Though summer is behind us now, the heat is still on. One may agree that yes, the rainy season is upon us already, and LPAs and typhoons began visiting. But there is another type of heat coming, and it’s percolating.
We haven't felt its full impact yet. The country’s geo-political arena is steaming, sweltering with heated verbal exchanges. The political mudslingings, the innuendos and accusations started to heat up.
The ruling, (is it still?) Partido Demokratiko ng Pilipinas-Lakas Bayan (PDP-Laban), founded by former Senator Aquilino “Nene” Pimentel is crumbling. Officials are at loggerheads. A Cebu-convention was held last month without Senator Emmanuel “Manny” Pacquiao, its president in attendance.
In an apparent retaliation, the boxing champ expelled PDP-Laban officials, including Energy Secretary Alfonso Cusi, vice chair, deputy secretary Melvin Matibag and membership committee head Astra Naik. The situation is an indication that the PDP-Laban is about to implode.
This week’s scheduled general assembly is judgment day , as PDP-Laban officials want Sen. Manny out of the party.
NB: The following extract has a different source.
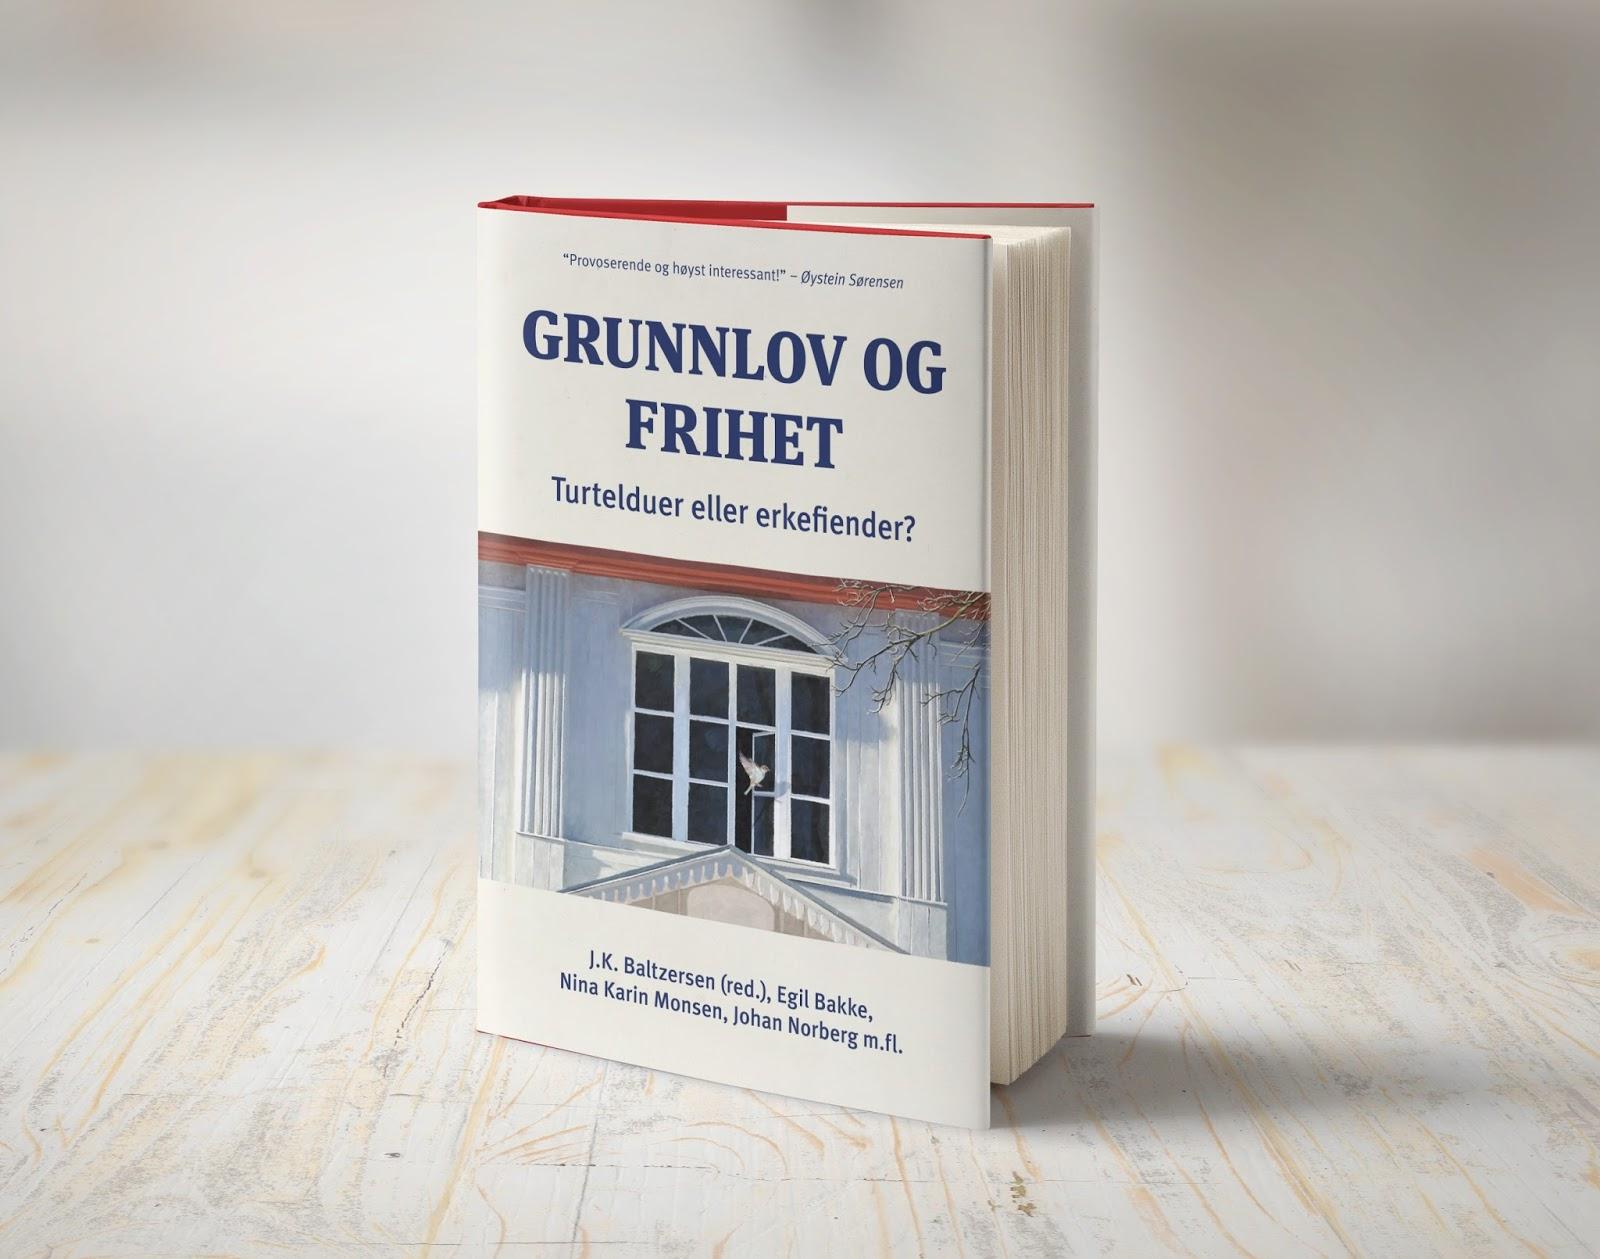 Grunnlov og frihet: turtelduer eller erkefiender?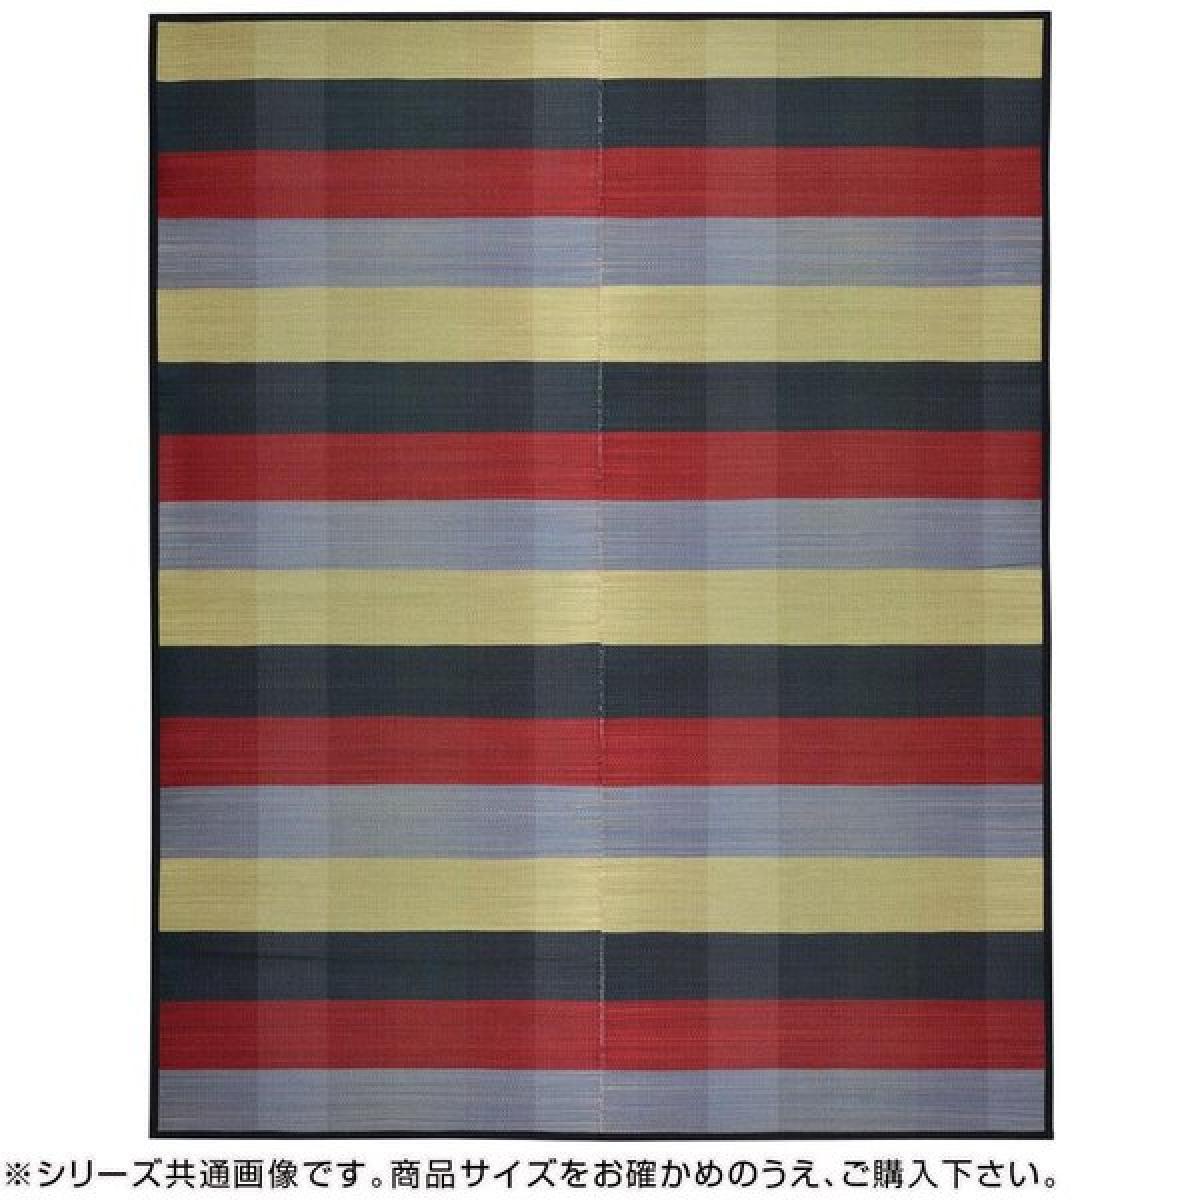 萩原 い草ラグチェッカーF RE 176×230cm【クーポン配布中】

One scenario being depicted is that he is contemplating about bolting out.
The rift between President Duterte, the party chairperson, and the boxing lawmaker has turned for the worst when the former lambasted the boxing icon last week.
It’s just funny that in his tirade, the President, based on wrong information, questioned Sen. Manny’ why he backed out of his scheduled fight with unbeaten unified welterweight world champion Errol Spence in Last Vegas. Serendipitously, it will be on August 21, a very special day for us Filipino as it is the birth of the August 21 Movement, a political cry against the dictatorial rule of Ferdinand Marcos following the death of Sen. Benigno “Ninoy” Aquino.
As it turned out, the information provided was fake. In case you missed it, his own words, the President criticized: “bakit umatras ka duon sa boxing, kasi alam mo kung matalo ka, you are a goner! Those are your inconsistencies in your career.”
Under this seemingly uncomfortable environment, awkward as it is, I believe it’s high time for him to “hang the towel” of the party. In my mind, it would be a bittersweet scenario to hear the boxing icon, admired by millions all over the world, to say: “Loyalty to my party ends when loyalty to my country begins!”
If he’s really serious in seeking the presidency, then, he can resurrect his very own, People's Champ Movement (PCM), a General Santos and Sarangani regional political party he founded in 2009. Although PCM has been tagged as closely affiliated with the PDP-Laban and the United Nationalist Alliance.
The nagging question is, will the champ yield in his biggest political fight?